Dans les lignes qui suivent, j’analyse plus en détail les enjeux et les dynamiques qui poussent les protagonistes de ce travail à invisibiliser cet aspect de leur identité lorsqu’ils sont à l’extérieur des camps.

Défini dans le langage commun comme l’ « action de dissimuler des réalités pas des moyens négatifs ou positifs » (KAISER 2004 : 1), je considère ici le secret comme phénomène social. Dans La présentation de soi (1973) Erving GOFFMAN s’est intéressé aux secret d’un point de vue sociologique et écrit à cet égard que :

« pour une équipe, un des objectifs permanents est de maintenir la définition de la situation que propose la représentation. Cette tâche implique un accroissement de la communication concernant certains faits et une diminution de la communication concernant les autres. Etant donné la fragilité et la nécessaire cohérence expressive

de la réalité dramatisée par une représentation, il y a habituellement des faits qui, s’ils attiraient durant la représentation, pourraient discréditer, ruiner ou rendre inutile l’impression qu’elle produit. On peut dire de ces faits qu’ils fournissent de l’information destructive ». (ibid. : 137)

Révéler au grand public son statut de réfugié est considéré par les dafistes comme de l’information destructive, pour reprendre la terminologie goffmanienne, parce qu’elle déstabilise la définition que les dafistes se font de la situation et qu’elle risque d’entraver les interactions sociales qu’ils entretiennent avec autrui :

« no, because between your classmates and you there is no difference. The way we behave, the way we look, we are in the class and we are not only the first one, but when you see someone in the class, they think we are at the same level, the status can interfere your sociability » – Jonas.

Goffman écrit à propos des « secrets inavouables » qu’ils « consistent en des faits concernant une équipe [...] qu’elle cache et qui sont incompatibles avec l’image d’elle-même qu’elle s’efforce de maintenir devant son public » (ibid. : 138).
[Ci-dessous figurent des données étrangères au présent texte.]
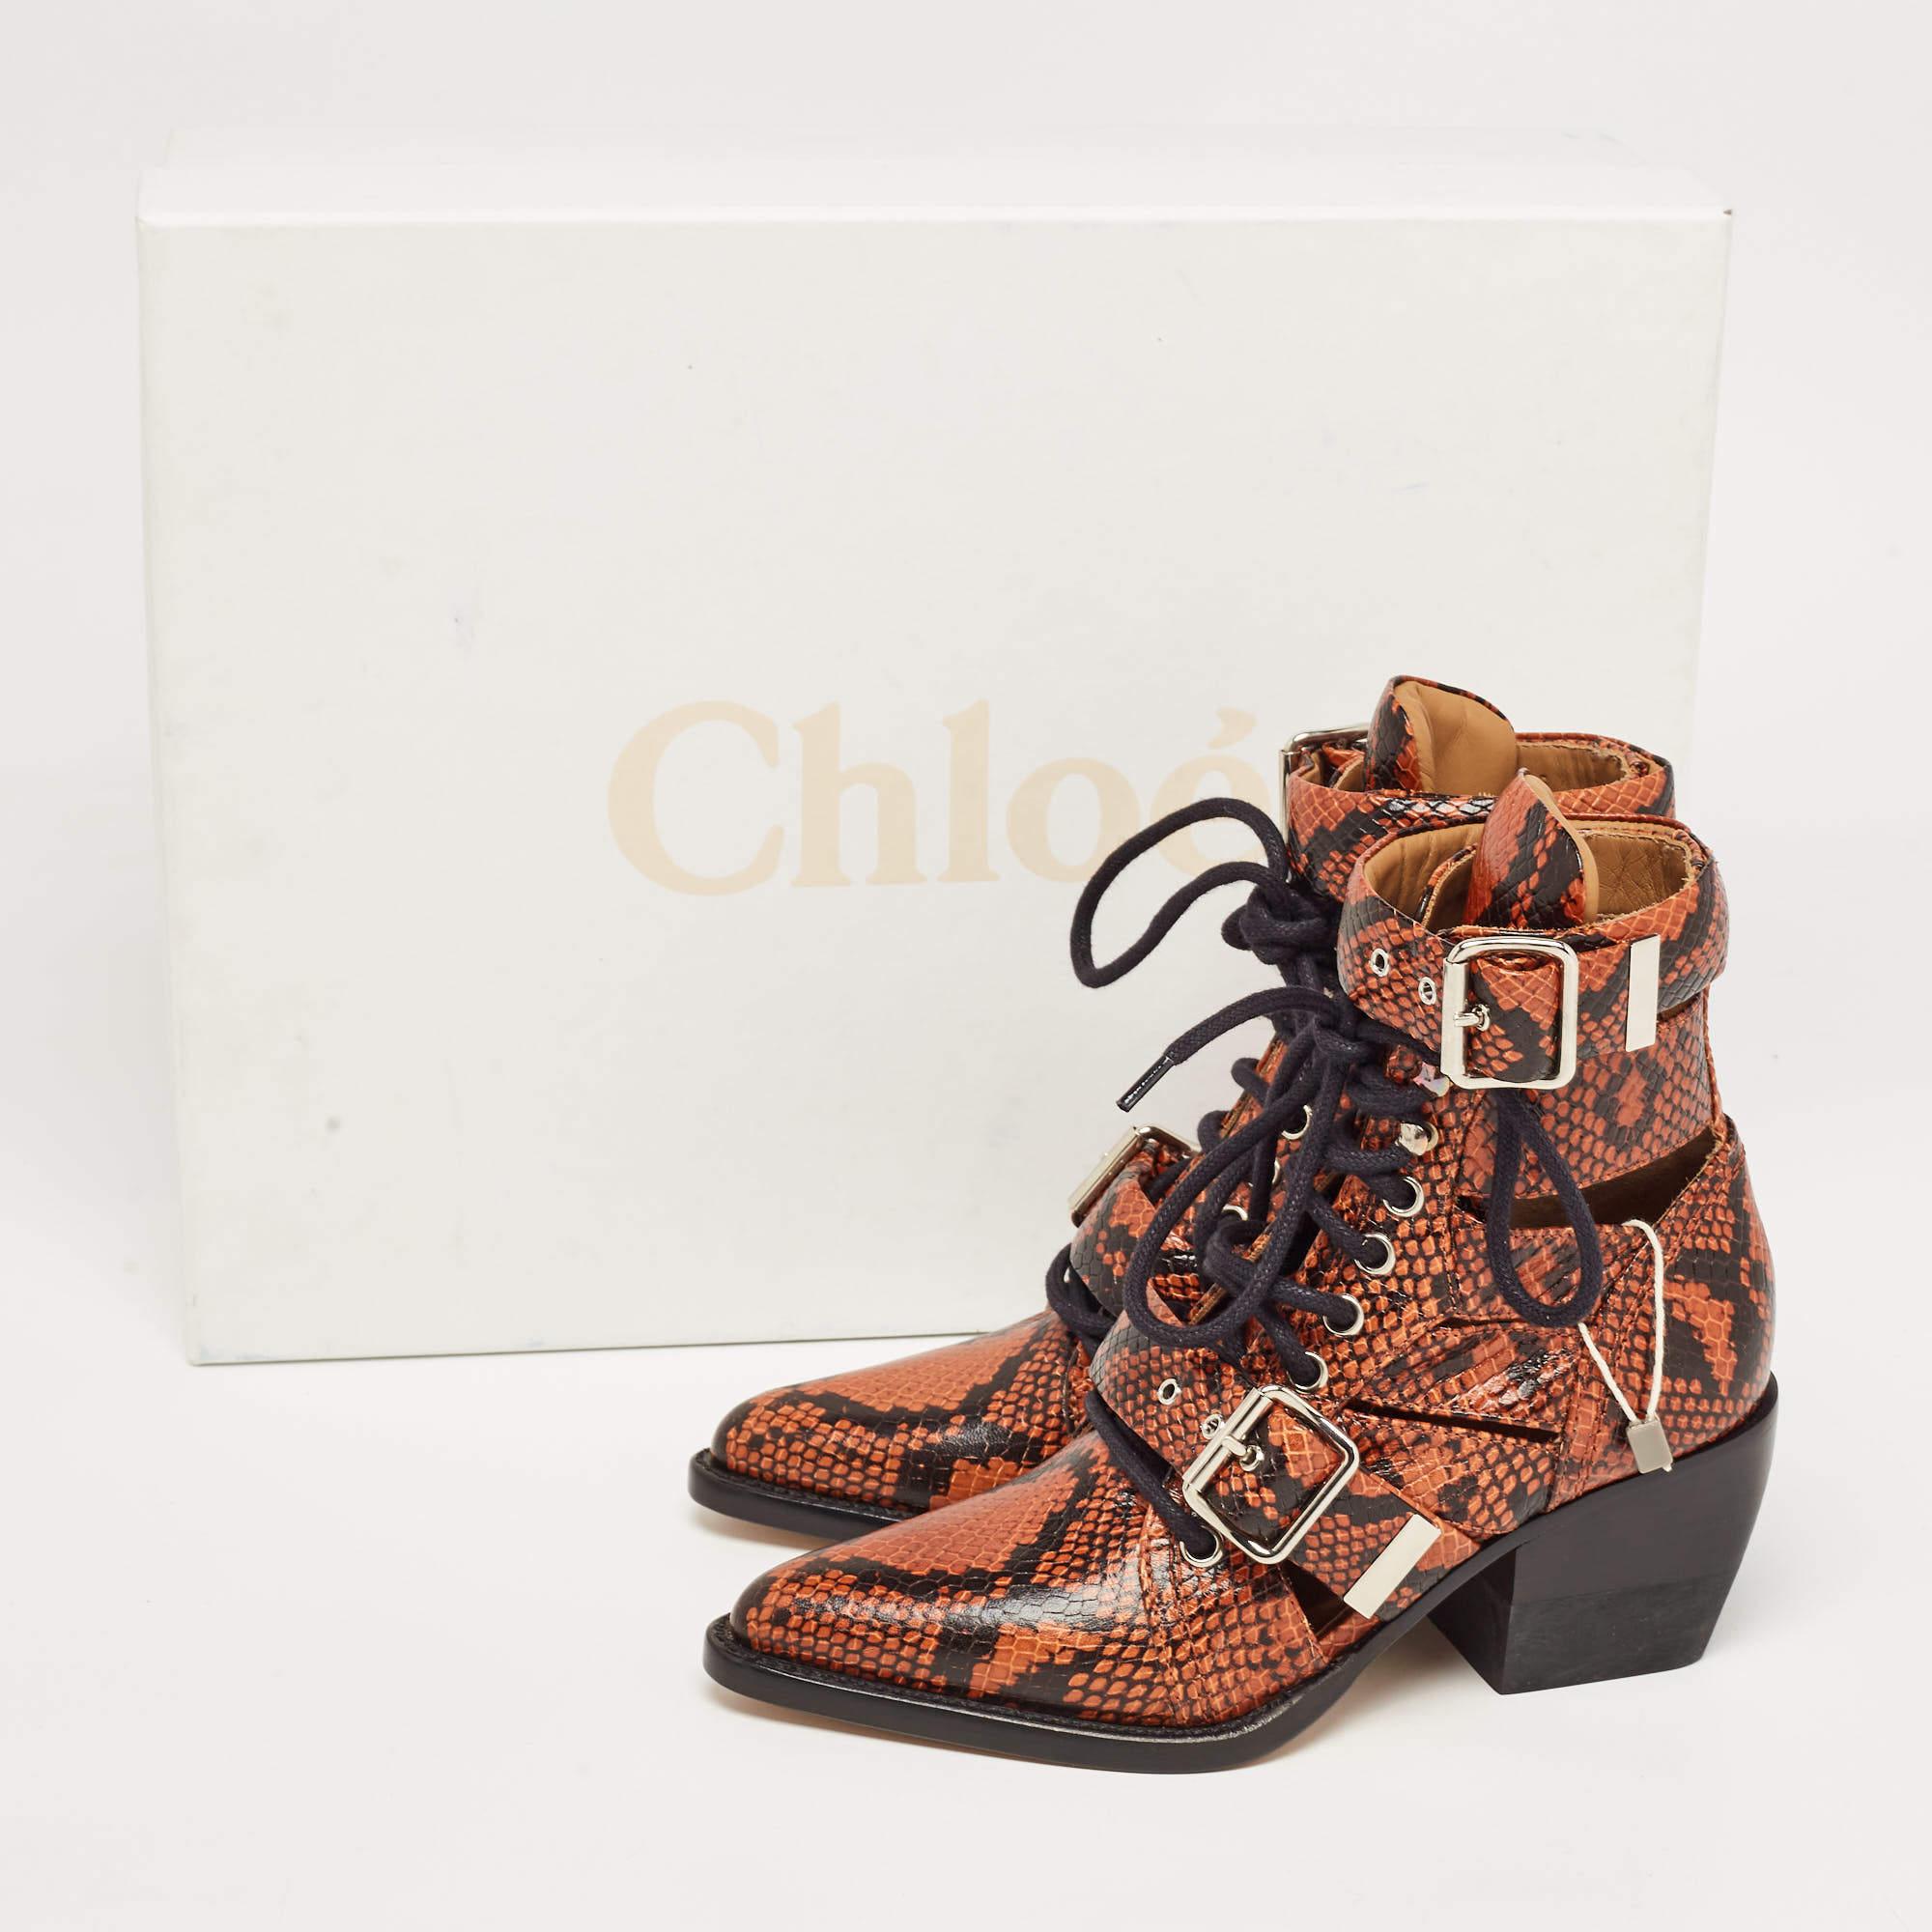 Chloe Brown Python Embossed Leather Rylee Ankle Boots Size 34.5 For Sale 3

Propos qui peuvent s’appliquer à la situation ci-présente. Les stéréotypes sur les réfugiés « comme passifs, paresseux, pauvres, mal habillés» nourrissant les imaginaires populaires sont incompatibles avec la représentation que les dafistes se font d’eux-mêmes en tant qu’élite intellectuelle. Les propos suivants le démontrent : « I cannot tell everyone that I am a refugee, because someone can feel pity for me and it is the contrary, I live well, I don’t have any problems » – Betty.

Ainsi, conscients qu’ « assumer » publiquement leur statut de réfugié pourrait entraver et discréditer le prestige social qui est lié à celui d’étudiant, les dafistes décident – dans la mesure du possible – de l’invisibiliser.

Ci-dessus, GOFFMAN souligne que l’une des tâches principales d’une équipe est d’arriver à maintenir la définition de la situation. L’auteur ajoute que « chaque type de secret est défini par la fonction que le secret remplit et par sa relation avec l’idée que les autres en font de son détenteur» (ibid. : 137). Ces remarques sont pertinentes pour le caractère situationnel qu’elles introduisent. De part l’écart qu’ils occupent au sein de la hiérarchie sociale, les statuts d’étudiants et de réfugiés paraissent aux yeux des dafistes incompatibles lorsqu’ils se trouvent sur le campus de l’Université : le statut de réfugié, une condition socialement dévalorisée, et le statut d’étudiant, une position sociale privilégiée. Si cette définition de la situation se rattache à l’espace du campus, les chapitres suivants mettent en lumière qu’au sein de la sphère humanitaire et dans les camps de réfugiés, les statuts de réfugié et d’étudiant sont endossés différemment par les protagonistes de ce travail. Ils ne sont pas considérés comme opposants ou contradictoires, mais au contraire comme complémentaires.